1,64 km - 21.07.12 r. 4,40 / km
2,86 km - 24.07.12 r. 4,16 / km
3,01 km - 26.07.12 r. 4,18 / km
2,83 km - 27.07.12 r. 4,17 / km
5,23 km - 28.07.12 r. 4,20 / km => 22:42
10,01 km - 30.07.12 r. - > 4,21 / km => 44:25
Bieg 21.07.12 r. był moim pierwszym biegiem w ogóle. Tym rozpocząłem przygodę i po 9 dniach wyciągnąłem 44:25 na 10 km.
Później biegałem z różnymi przerwami po kilka dni / tygodni / miesięcy, ale coś tam dreptałem ( zdarzyło się nawet 6 km w styczniu w tempie 4:20/km!!).. a teraz zacząłem od początku, już na poważnie.
Nie mówiąc o tym, że nie jestem w stanie biec na 4,21 / km, ba ledwo daję radę na 5,20 / km. I zastanawiam się co ze mną jest nie tak. Nie dam rady biegać w tempie 4,20 tak jak wcześniej.
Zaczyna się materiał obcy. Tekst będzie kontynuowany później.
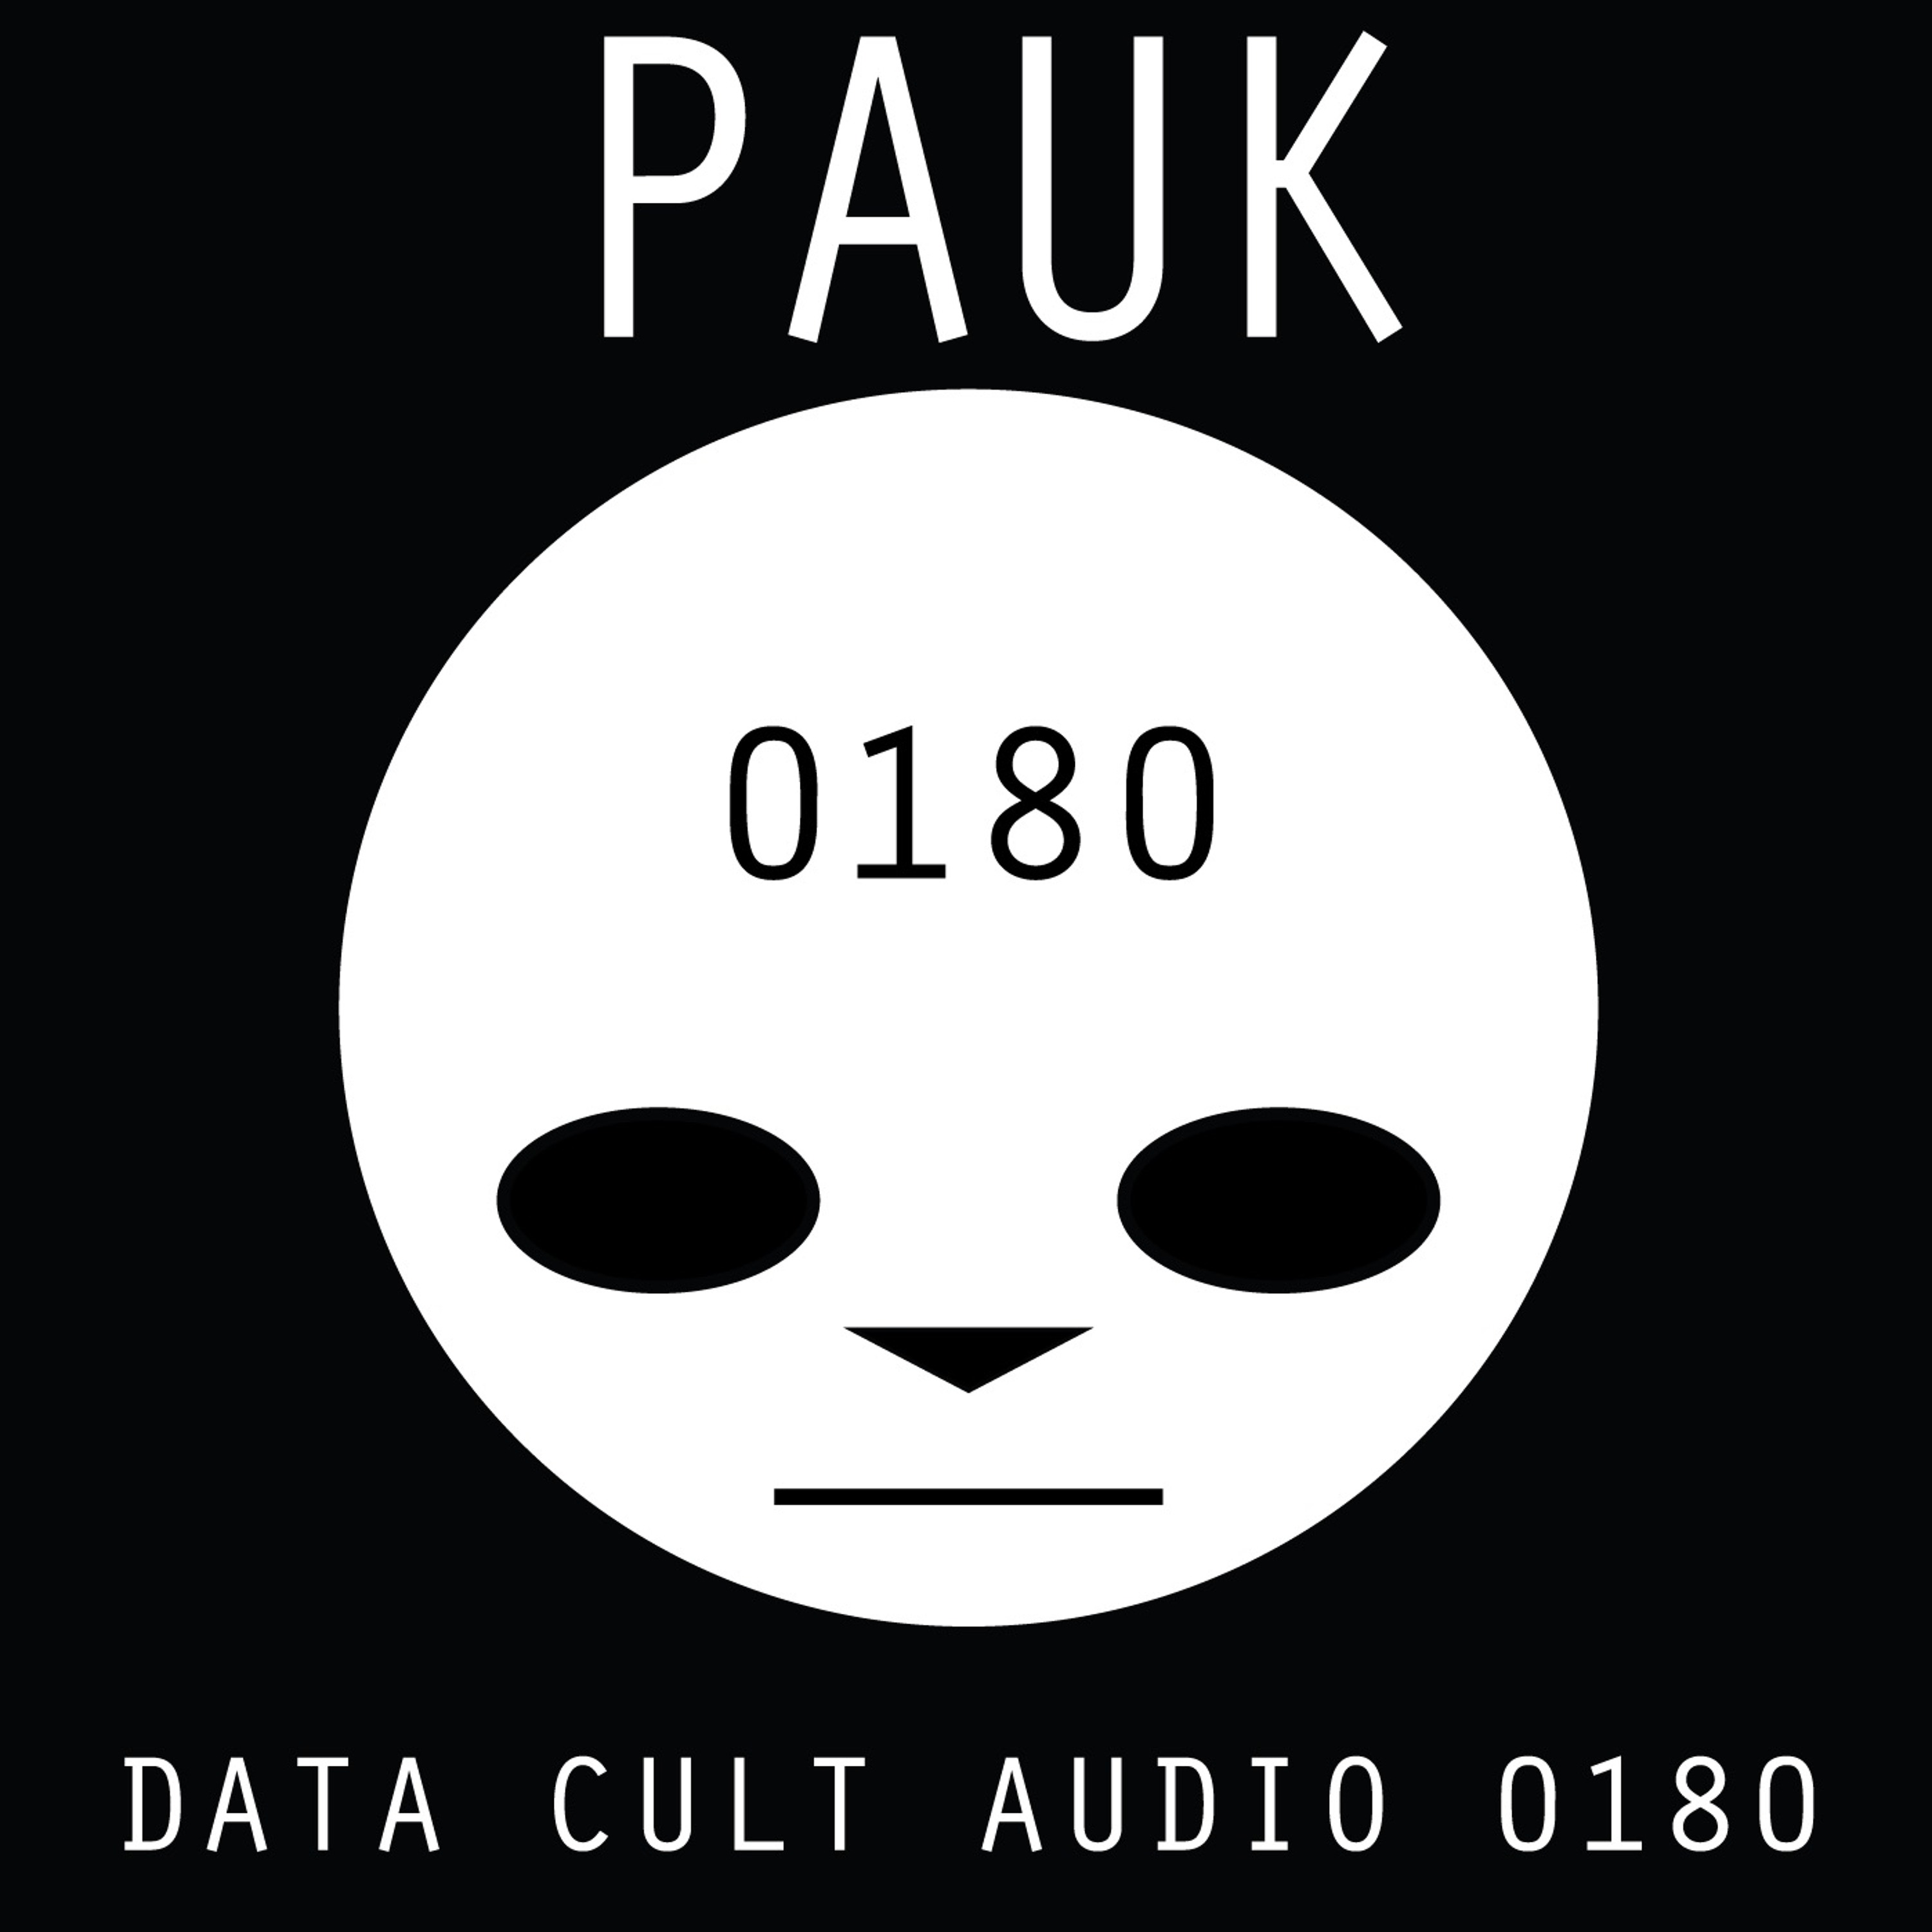 Data Cult Audio 0180 - Pauk

Teraz jak zacząłem wygląda to tak:
2,01 km - 4.09 - 5,14/km
3,00 km - 7.09 - 5,14/km
5,09 km - 12.09 - 5,59/km
5,05 km - 15.09 - 6,18/km
5,10 km - 17.09 - 5,34/km
Wiek: 22, Waga: 69 kg, Wzrost: 178 cm
Po prostu nie mam zielonego pojęcia dlaczego tak spadł mi czas na kilometr o.O Jestem przerażony. Biegam po twardej nawierzchni, rok temu tez biegałem po twardej. Te same obuwie itd.
Macie jakieś pomysły, co z tym zrobić, żeby poprawić ten czas na 10 km ? Ba, nawet na 5 km, bo jak będę biegł powyżej 50 minut 10 km, to wstyd gdziekolwiek startować..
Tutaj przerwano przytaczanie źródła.